Problem requirements
In the entries below, begin at the line that has "Pink tartan mini skirt with buckles", stop after the line that has "Vintage Steal 🔥", and output those lines exactly with no pictures.

Exercise input
*** Begin section ***

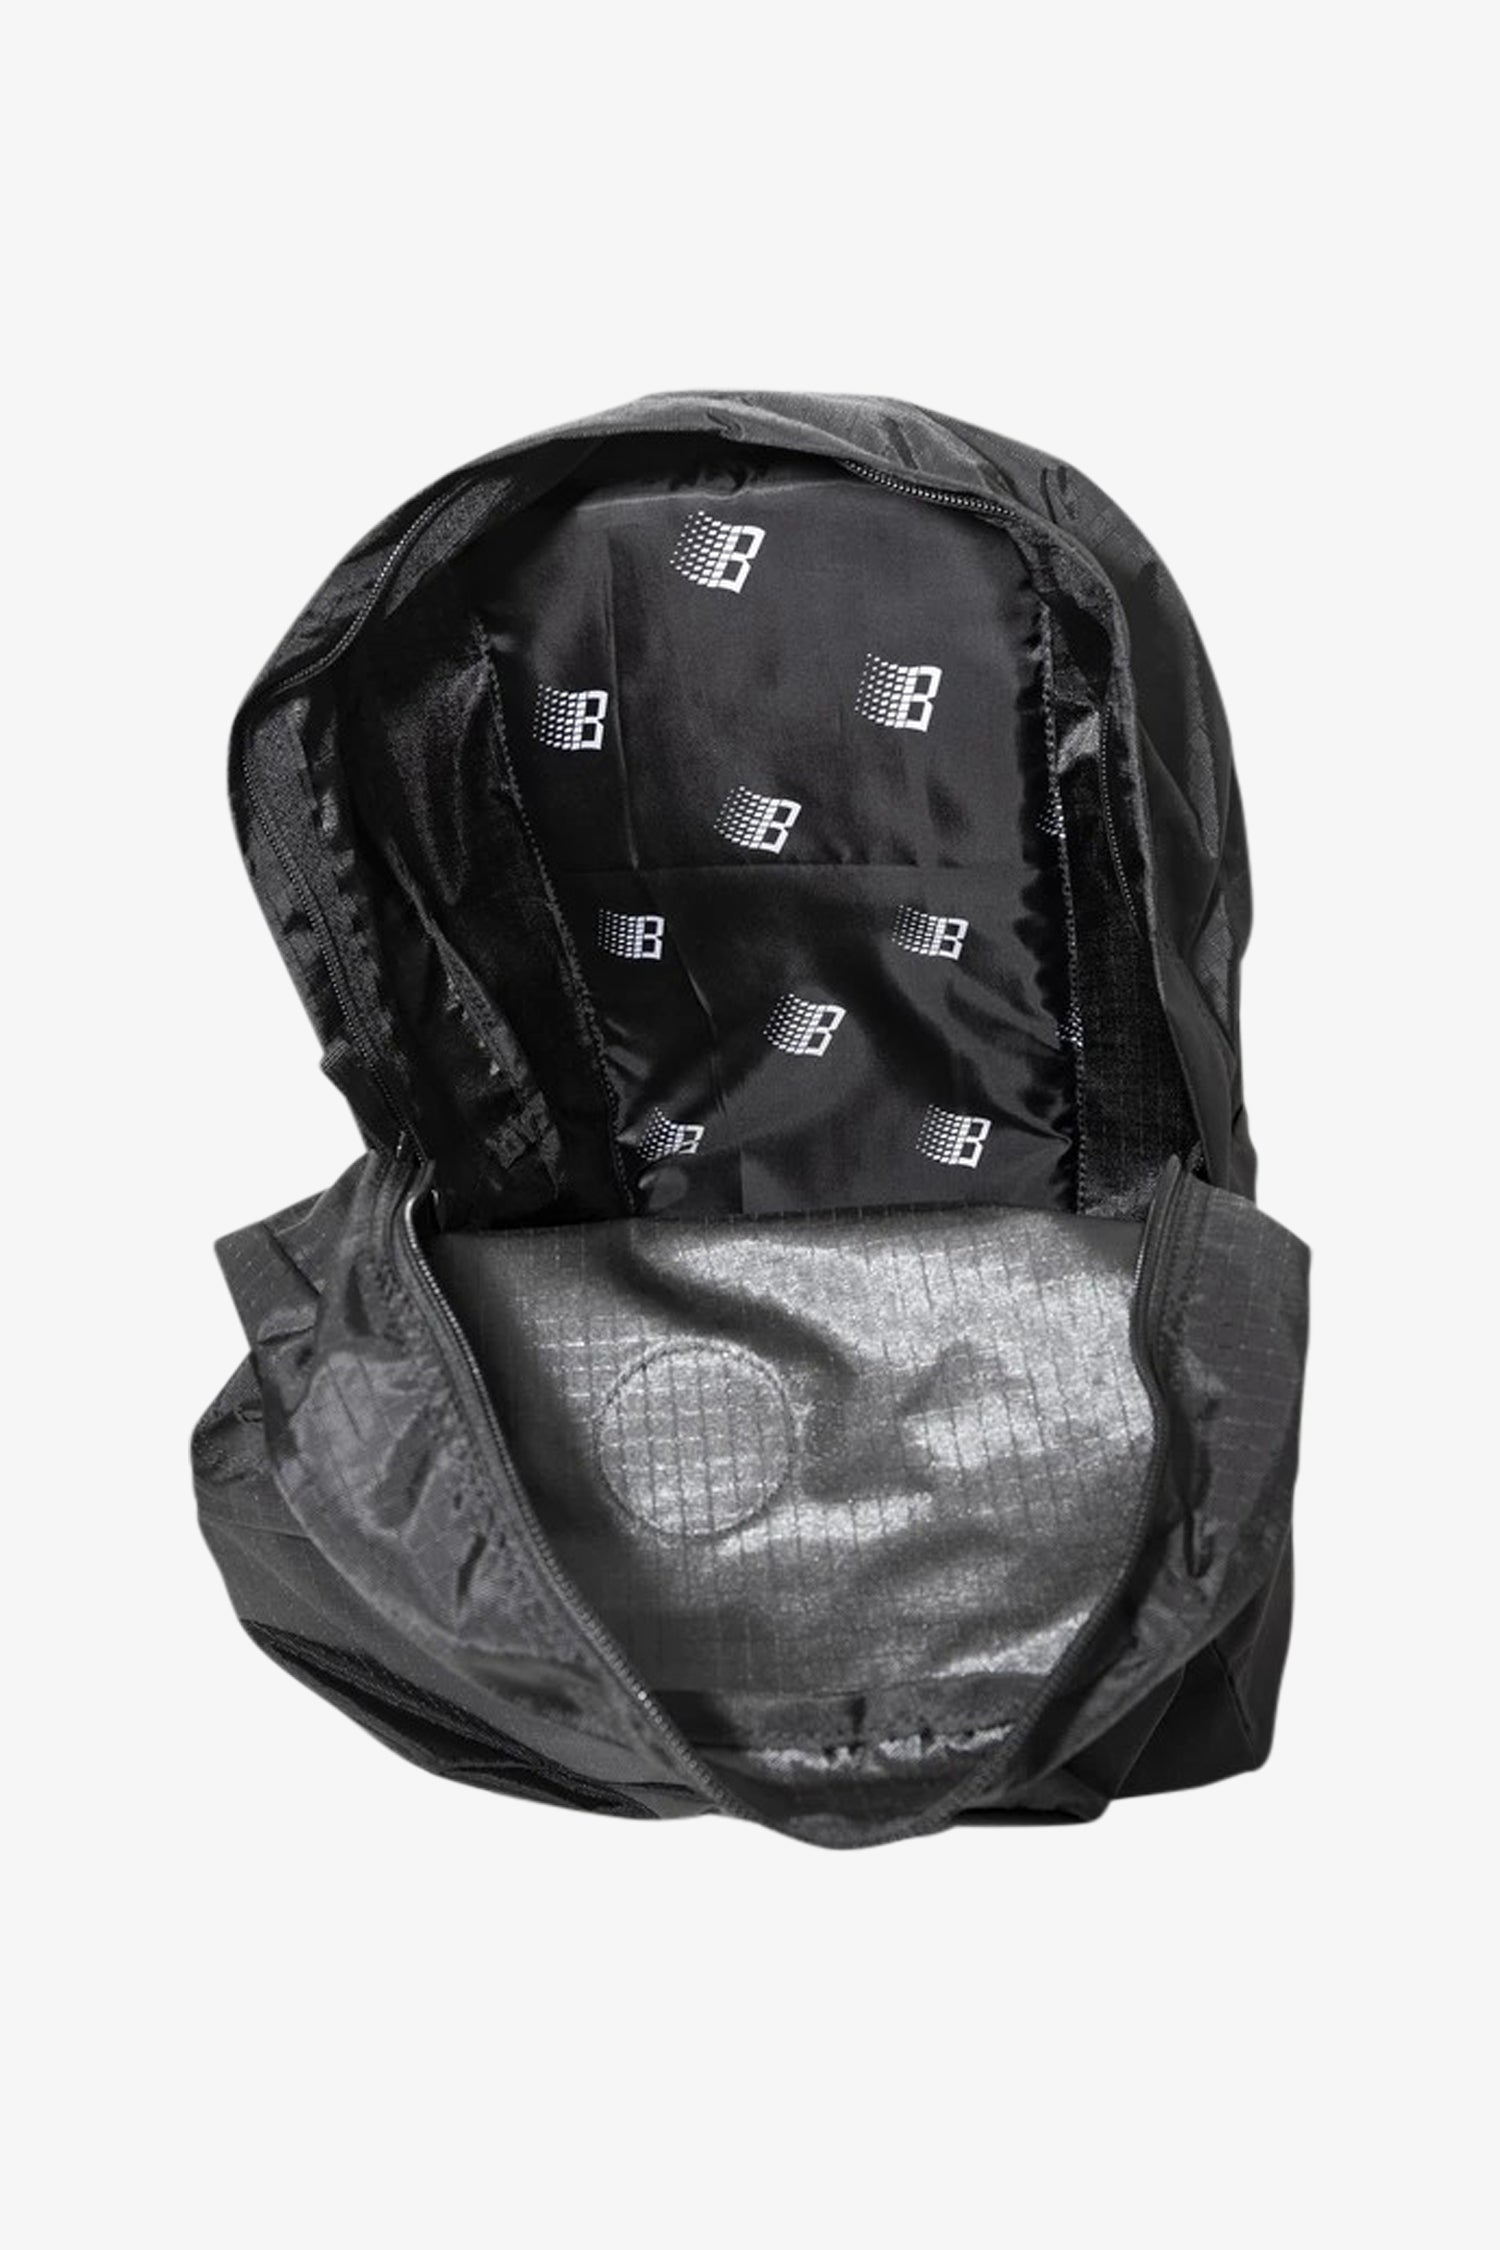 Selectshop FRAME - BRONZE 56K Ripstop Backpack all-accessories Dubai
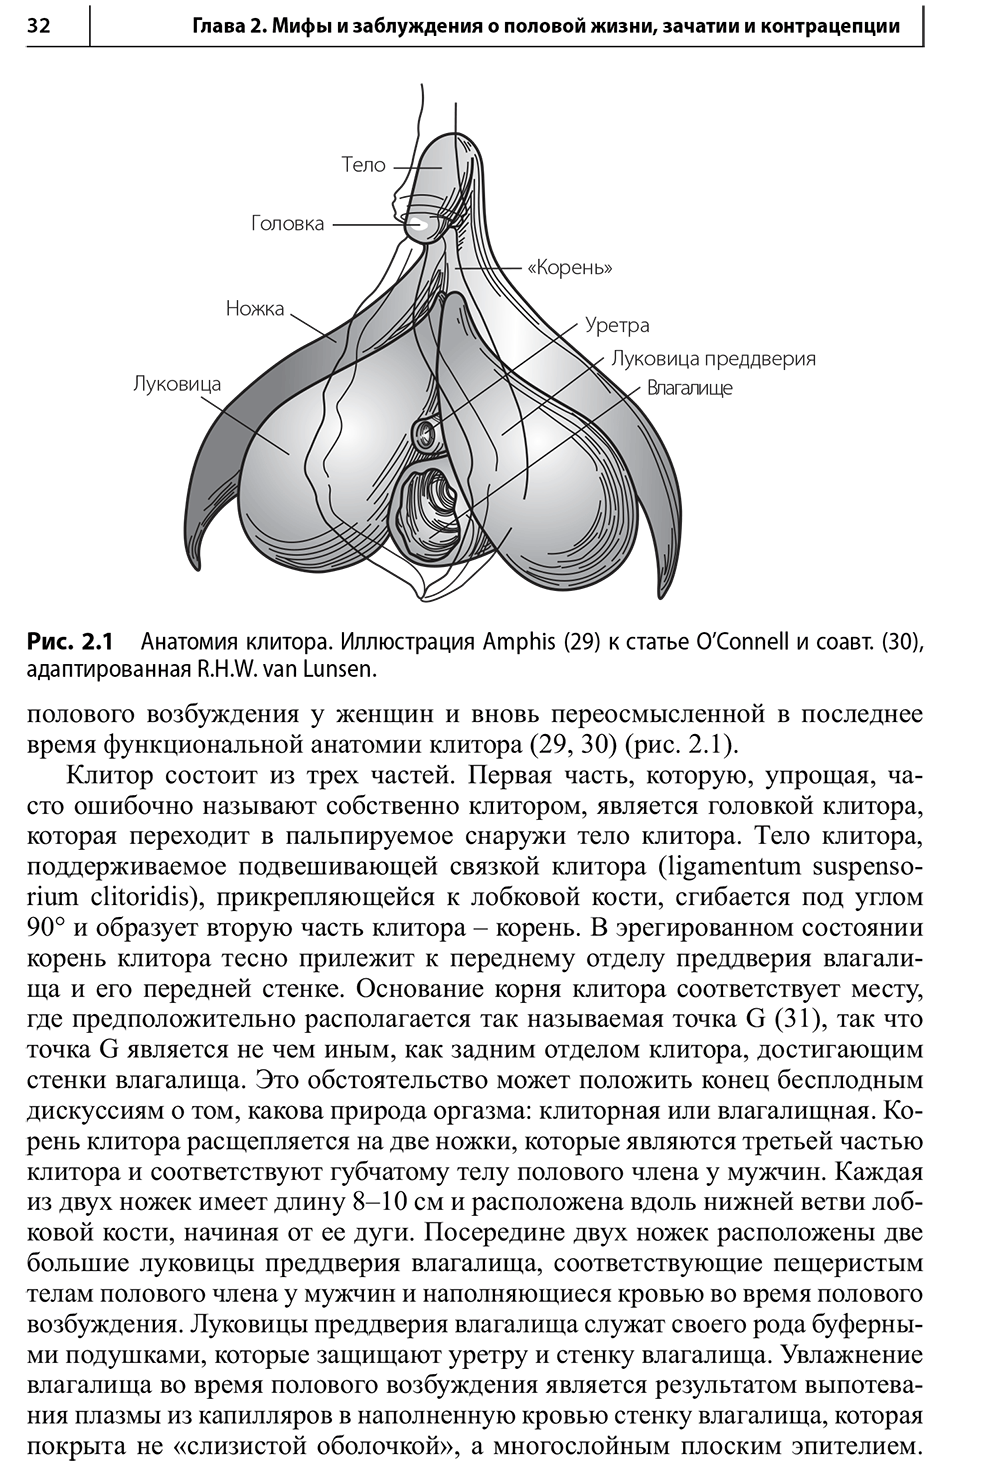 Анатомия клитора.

*** End section ***
*** Begin section ***

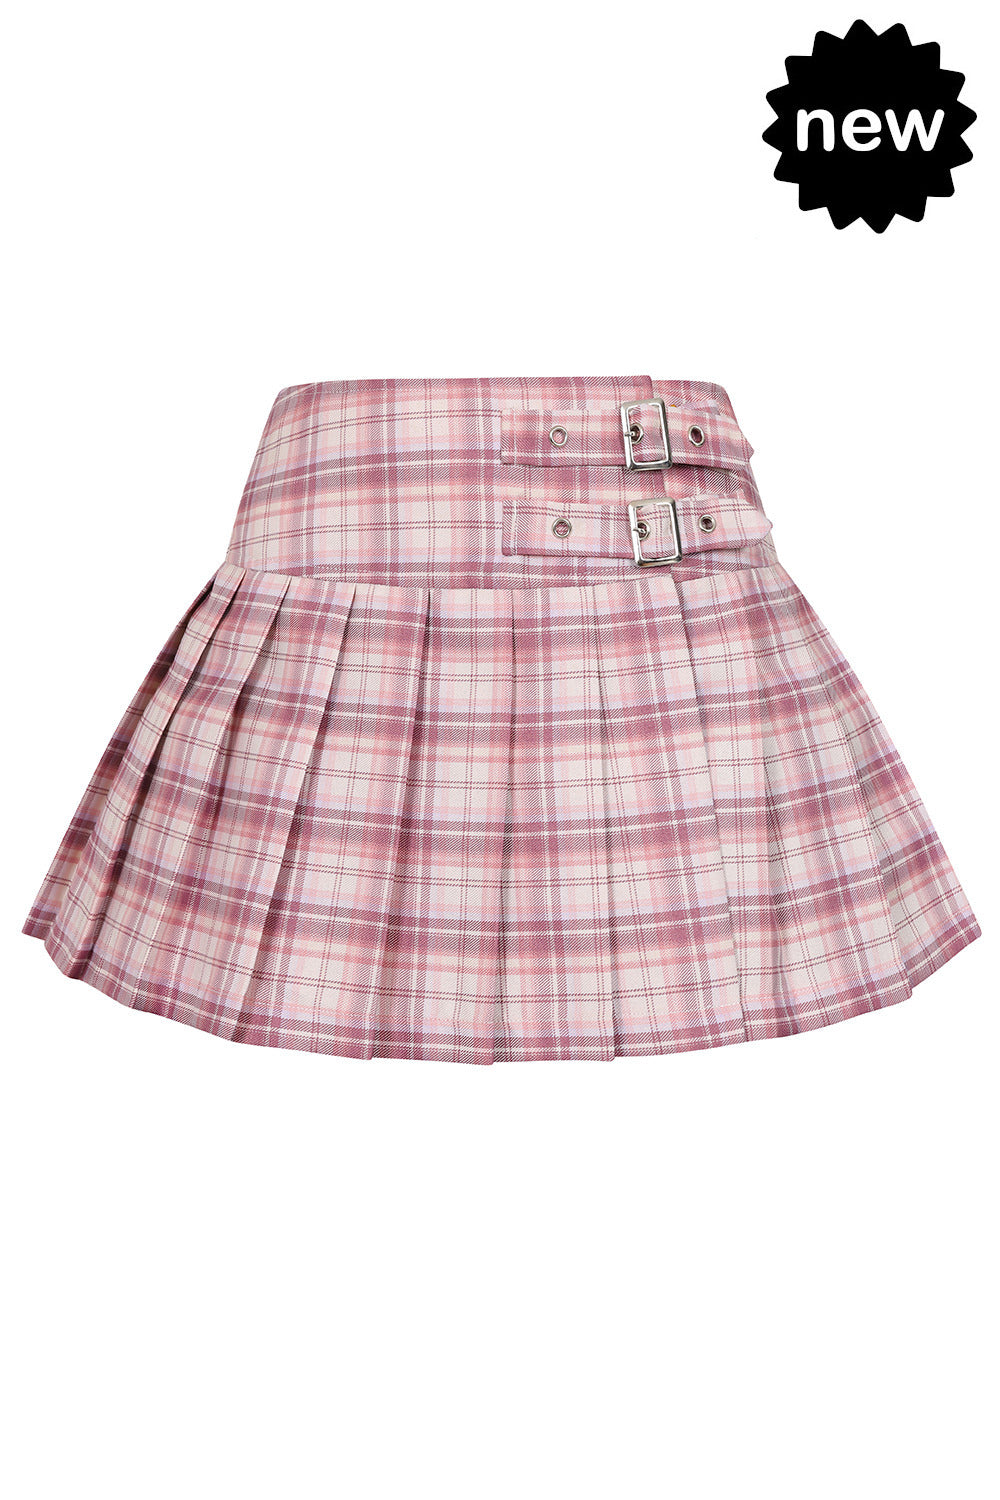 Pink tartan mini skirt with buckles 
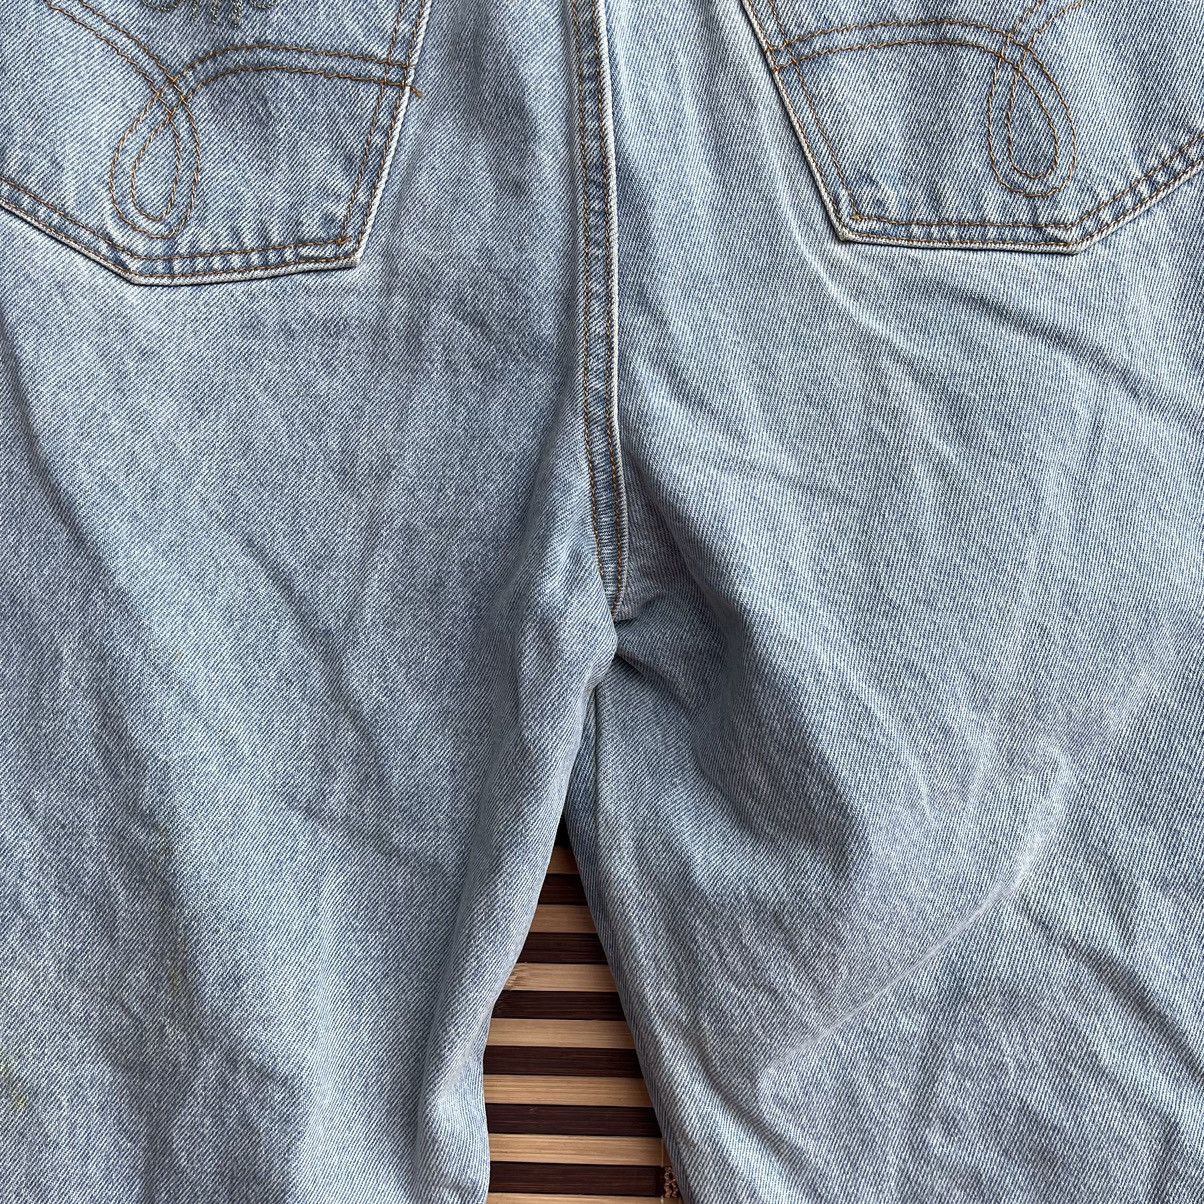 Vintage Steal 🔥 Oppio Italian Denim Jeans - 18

*** End section ***
*** Begin section ***

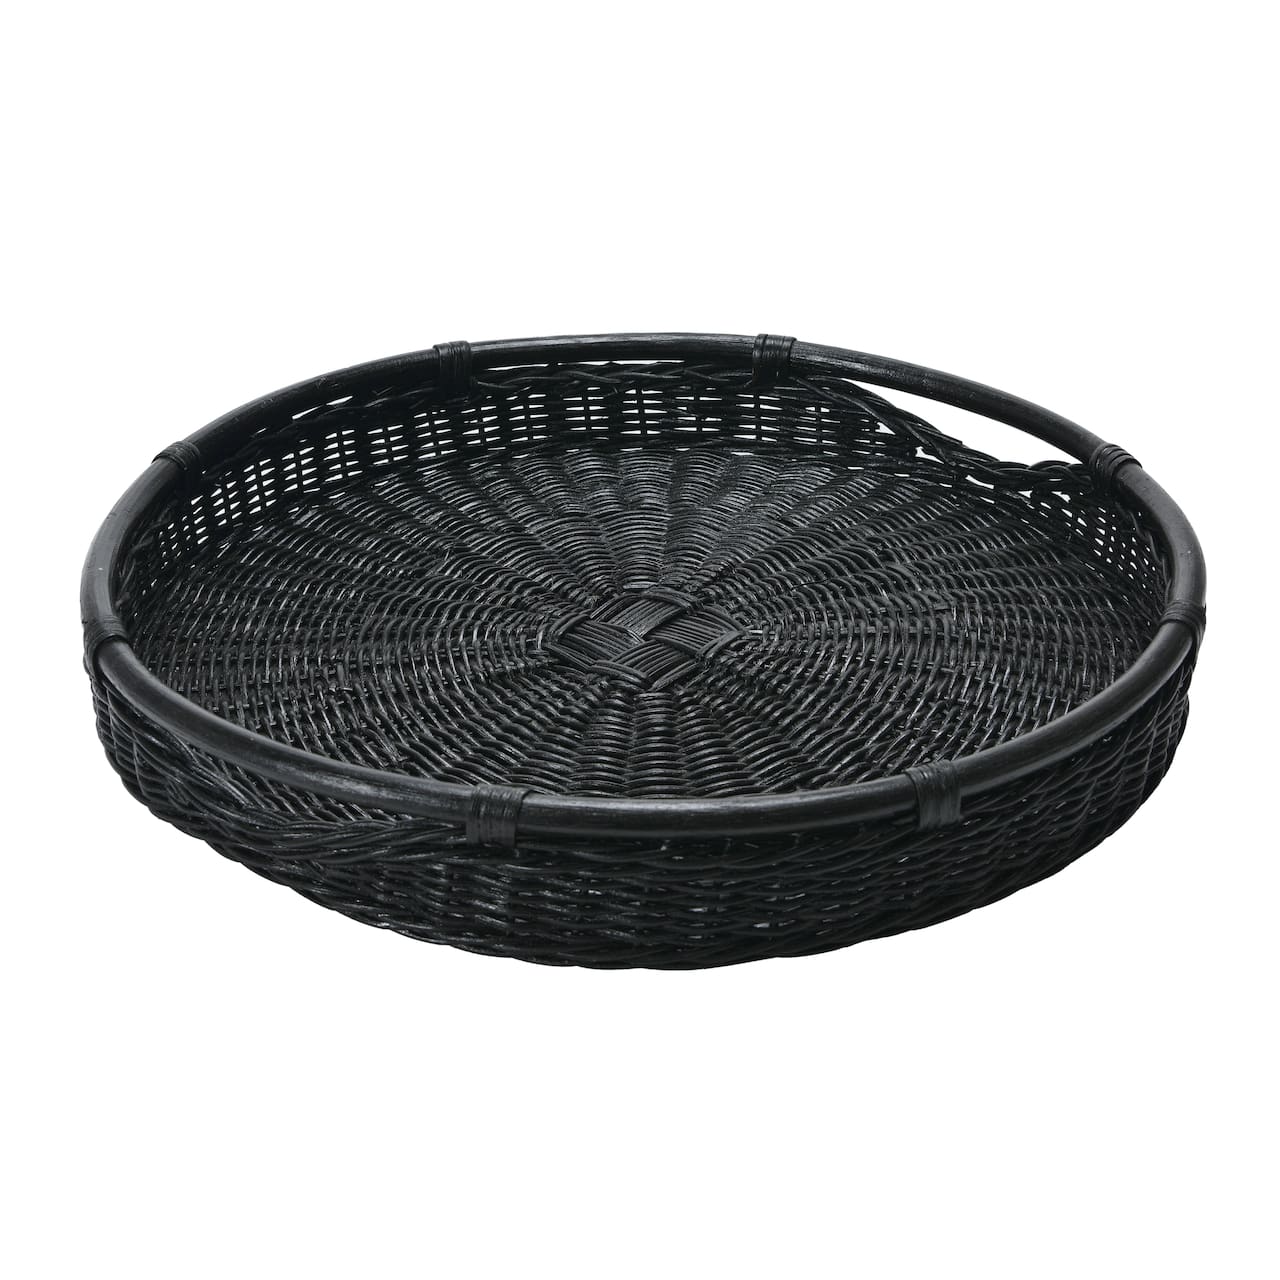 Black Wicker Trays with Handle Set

*** End section ***

Answer to the exercise
 Pink tartan mini skirt with buckles 
 Vintage Steal 🔥 Oppio Italian Denim Jeans - 18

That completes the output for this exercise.